Зайфрид перебирает струны цитры, ему не хочется продолжать разговор. Выбирает глубокие тона, толстые струны, совсем тихие, которые гудят так, что можно расслышать даже самый слабый звук. Потом, вдруг, сам не знает почему, резко дергает струну «ми», и она взвизгивает, словно кто-то запричитал. Отто не может этого слышать, выходит из дома и смотрит на Сараево, которое бурлит необъяснимыми событиями и военной непредсказуемостью.

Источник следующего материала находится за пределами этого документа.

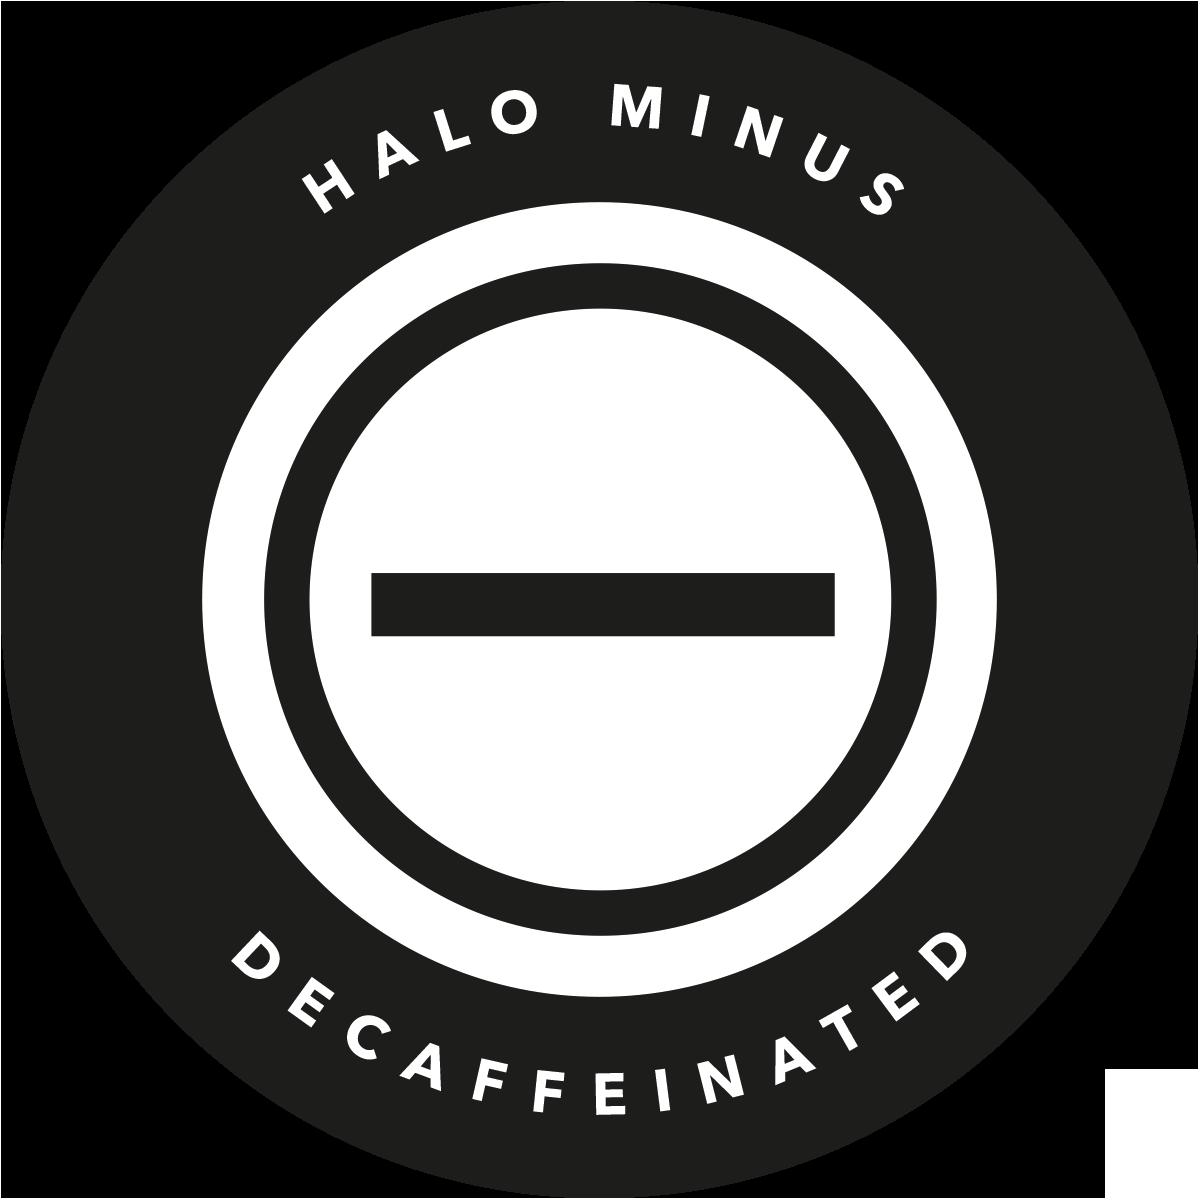 Halo-coffees-logo-Halo_minus.png

Иногда он все-таки разговаривает с ним, осторожно выбирая темы. Больше всего и чаще всего об искусстве и о городе, который принадлежит и в то же время не принадлежит им. Они как бы исключены из этого города, им было бы легче, если бы они оказались в другом месте, где их никто не знает и они не знают никого.

Отто рисует, отец играет с полным отсутствием духа, как будто и он парит над Сараево. Опускает взгляд на акварели Отто, просто смотрит на них, но ему кажется, что они тоже смотрят на него.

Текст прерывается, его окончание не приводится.